### GOAL OF THE EXERCISE
Please reproduce all of the data below exactly, leaving each picture out.

*** SUPPLIED INFORMATION

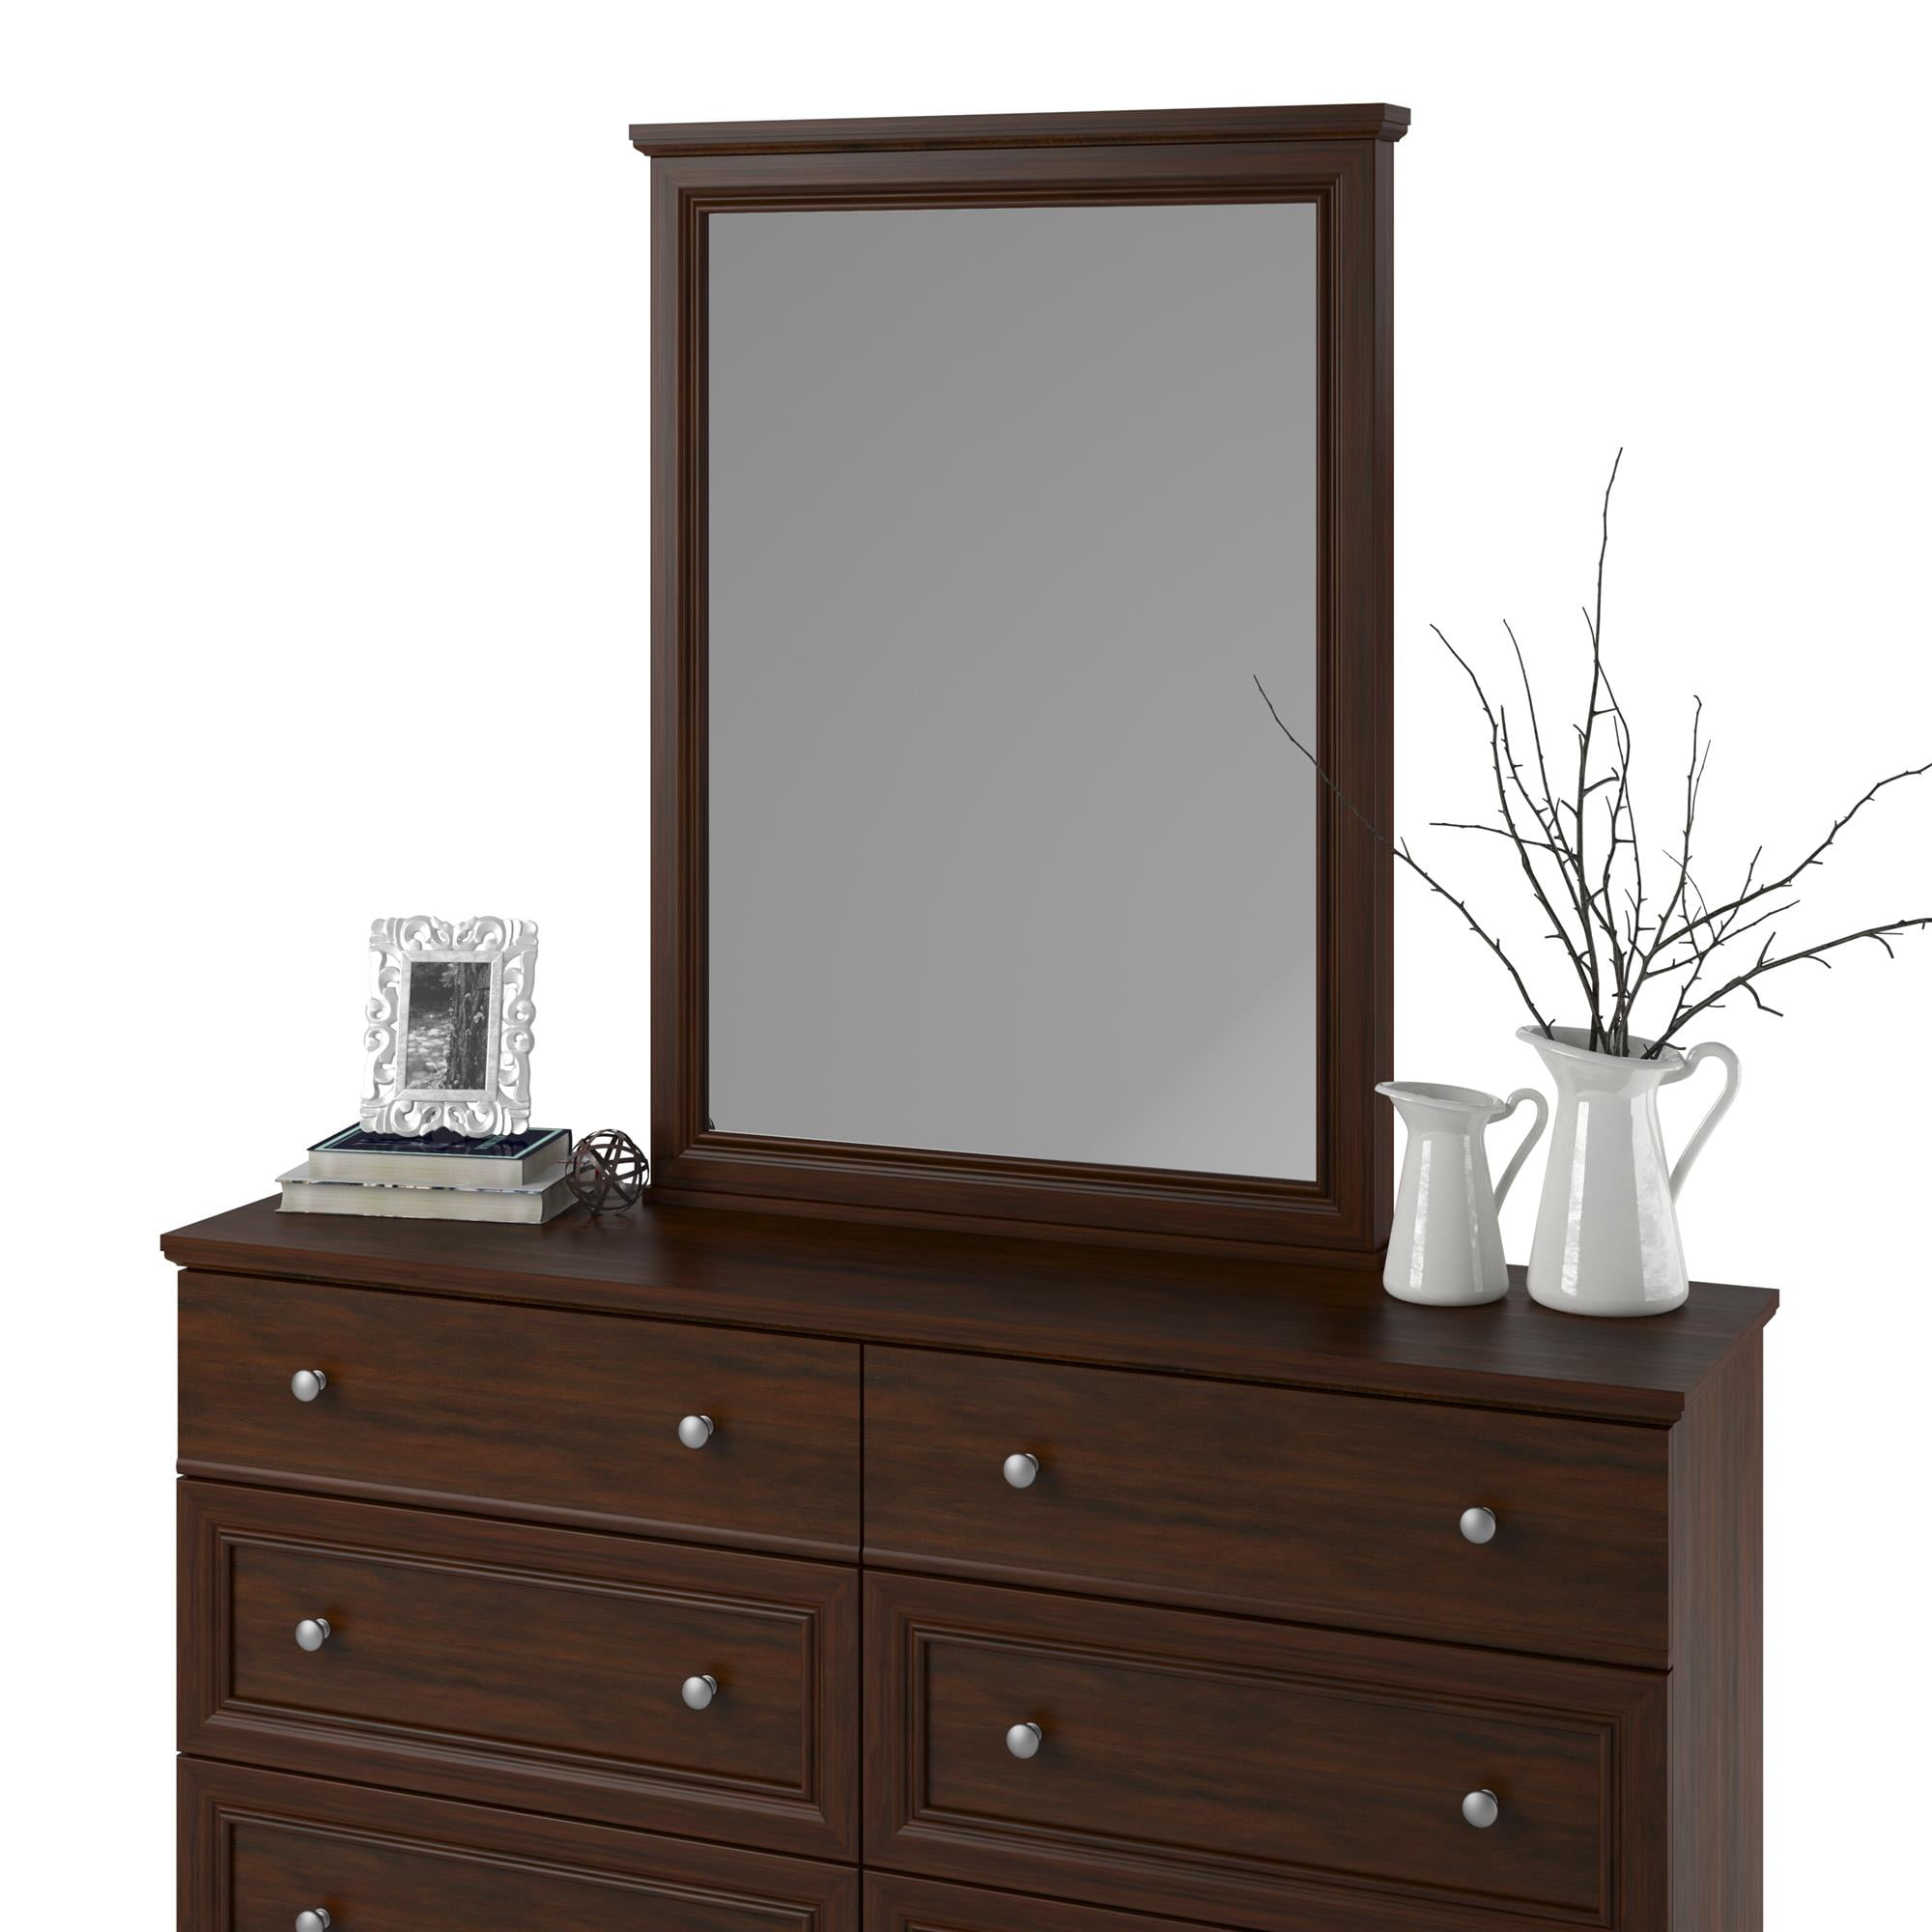 Ameriwood Home Hanover Creek Dresser Mirror MIRROR ONLY
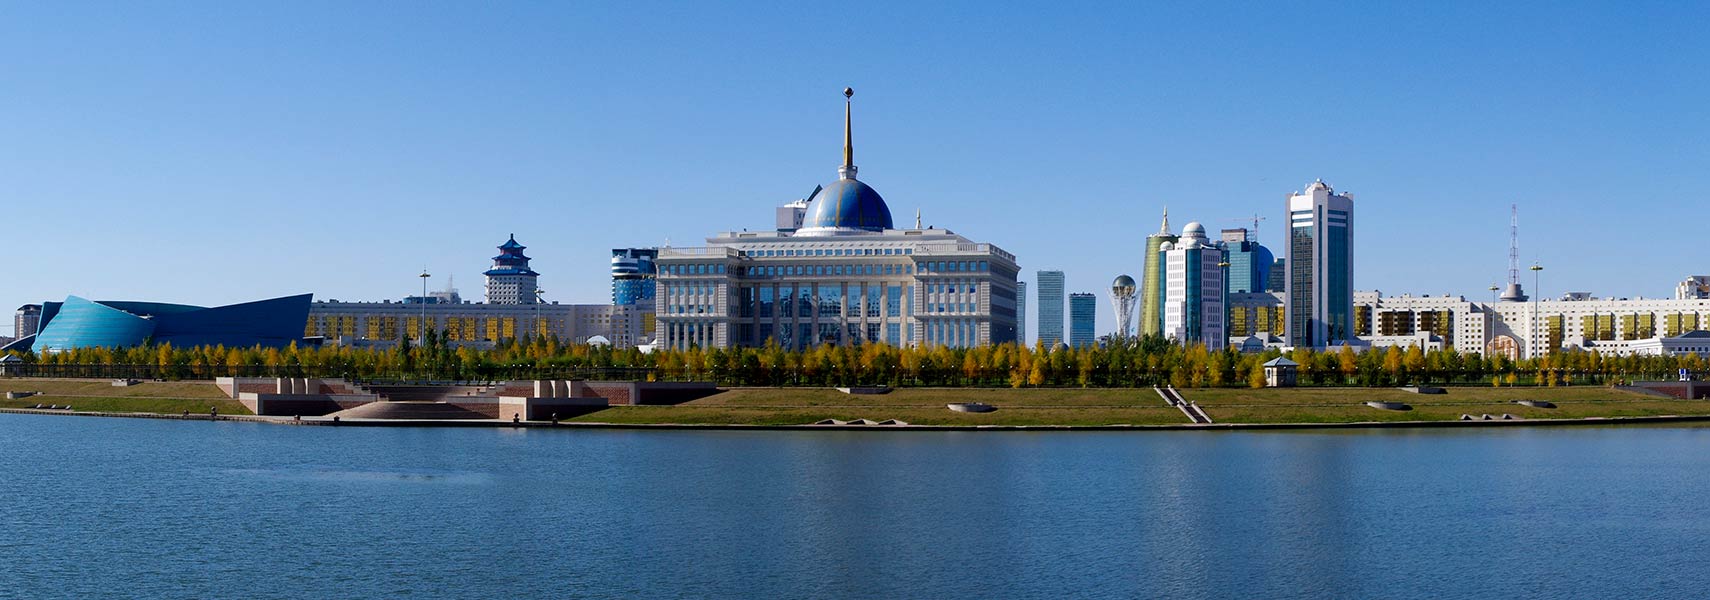 Kazakhstan government headquarters in Astana
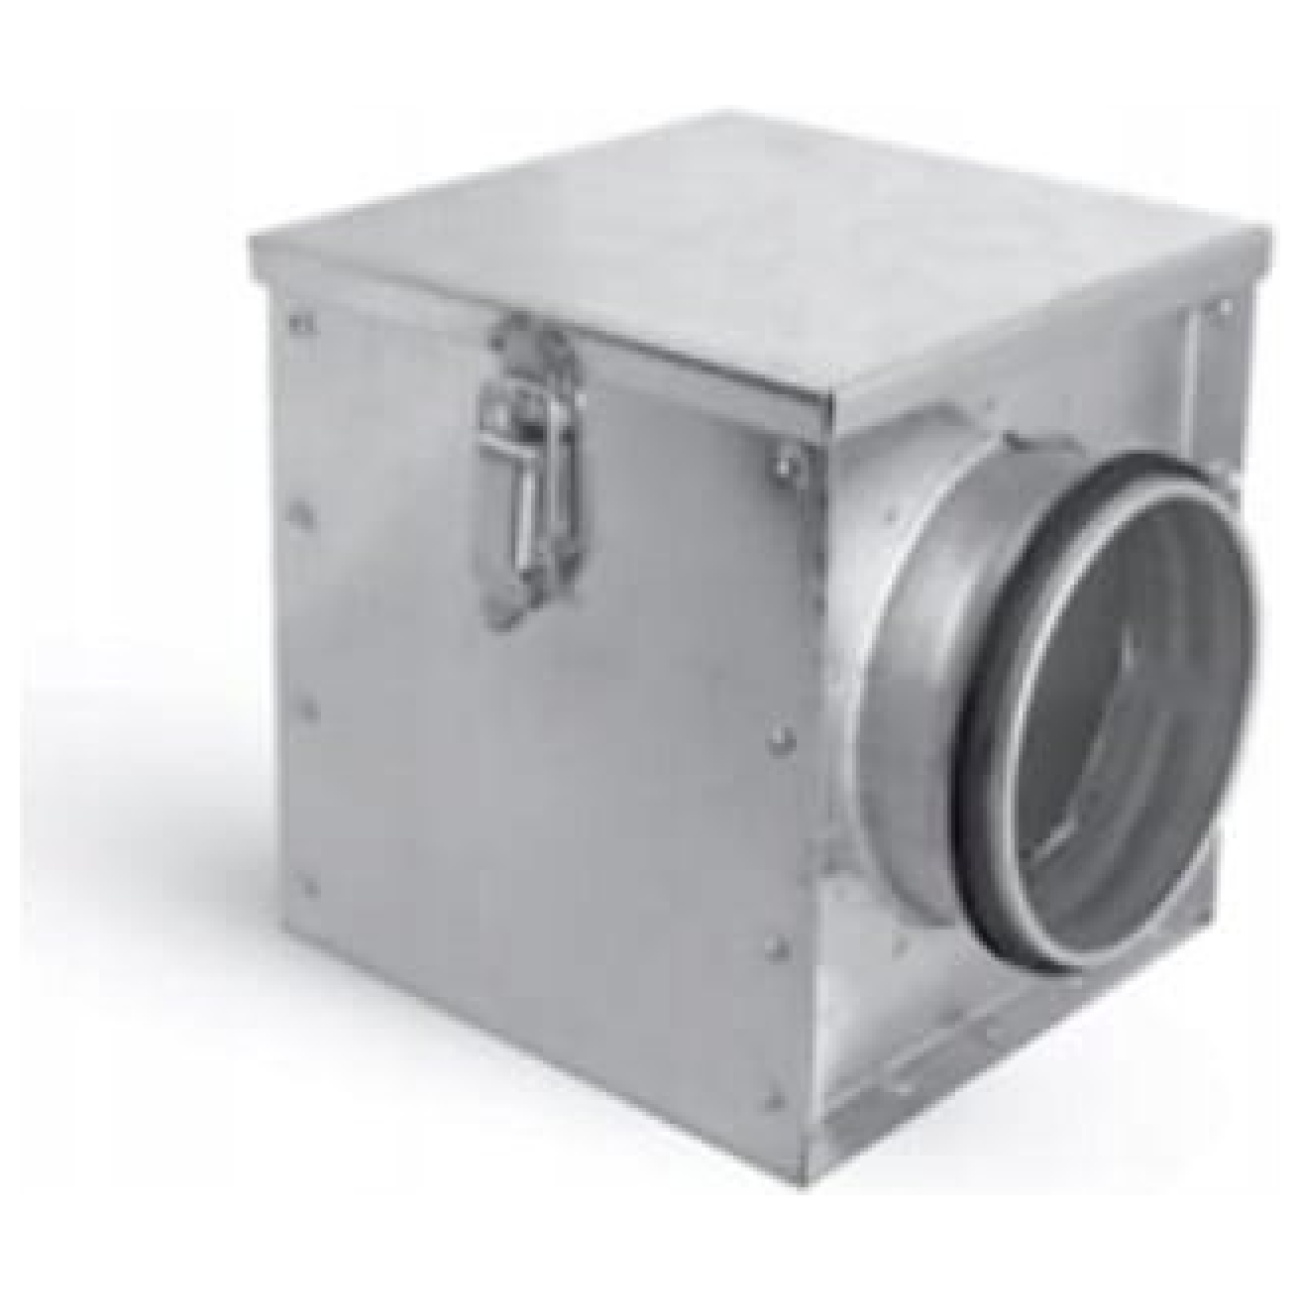 Filtr powietrza kanałowy z kasetą FKK 150 mm EU3 - Forvent FKK-B-150-4
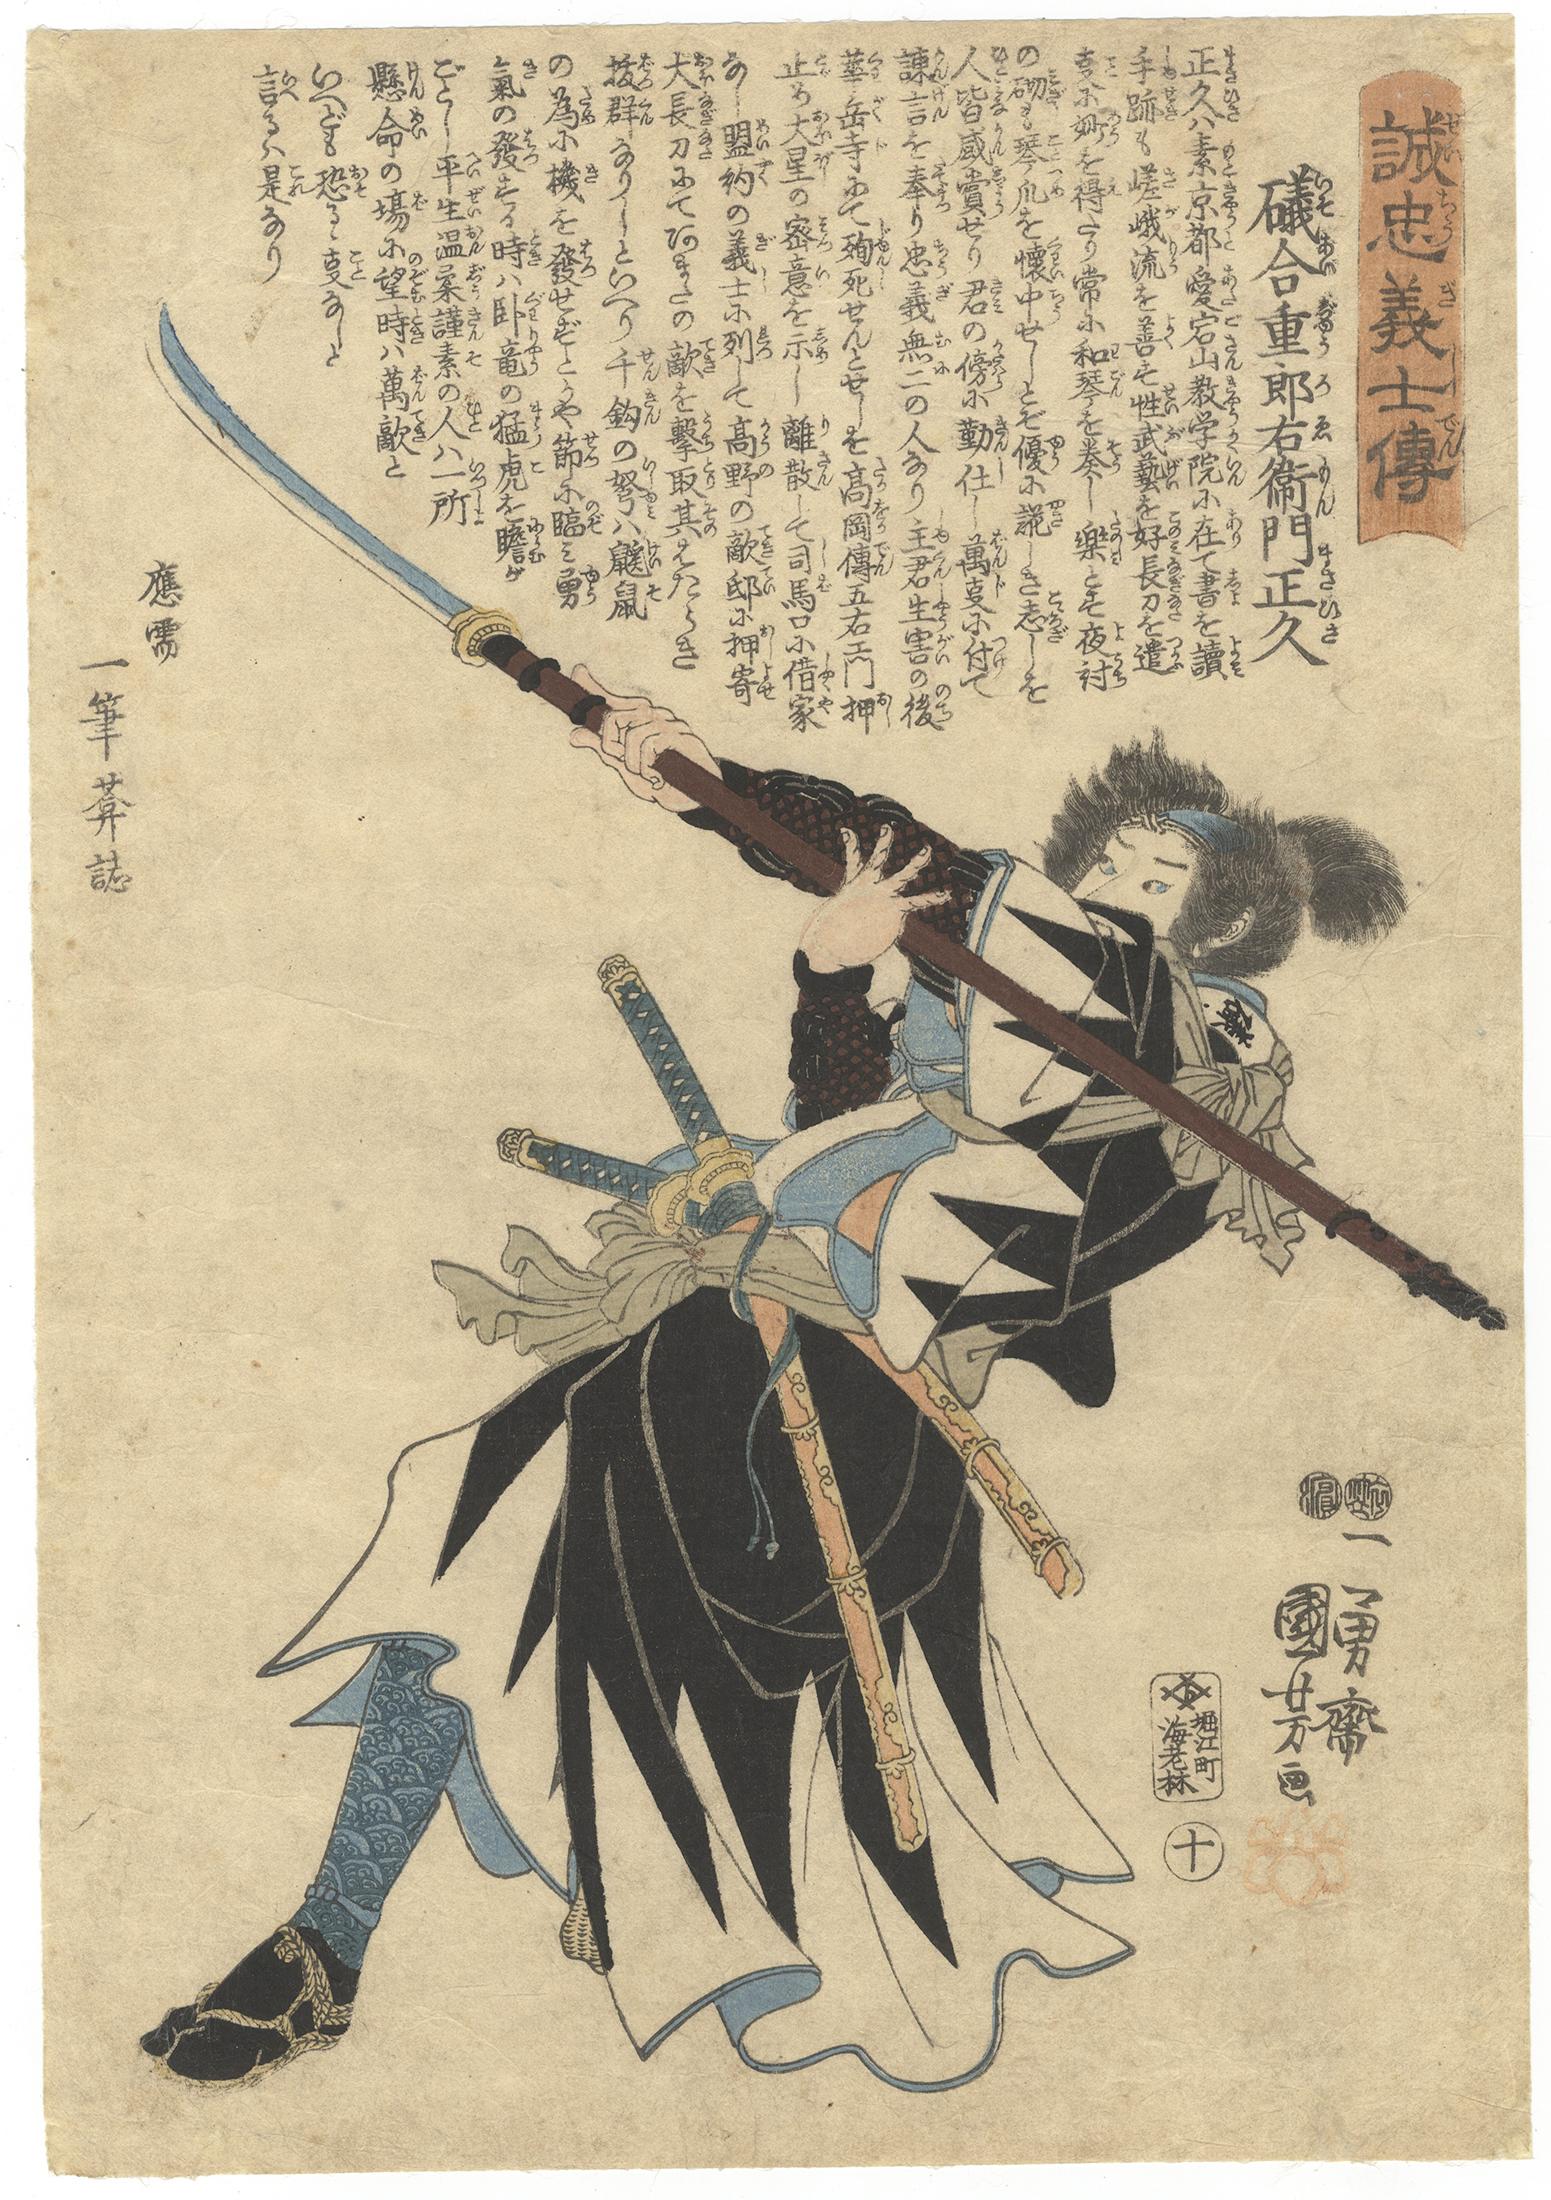 Utagawa Kuniyoshi Portrait Print - Kuniyoshi Utagawa, 47 Ronin, Original Japanese Woodblock Print, Ukiyo-e, Edo

******

### RESULT FOR THIS TASK
 Ameriwood Home Hanover Creek Dresser Mirror MIRROR ONLY
 Kazakhstan government headquarters in Astana
 Filtr powietrza kanałowy z kasetą FKK 150 mm EU3 - Forvent FKK-B-150-4
 Utagawa Kuniyoshi Portrait Print - Kuniyoshi Utagawa, 47 Ronin, Original Japanese Woodblock Print, Ukiyo-e, Edo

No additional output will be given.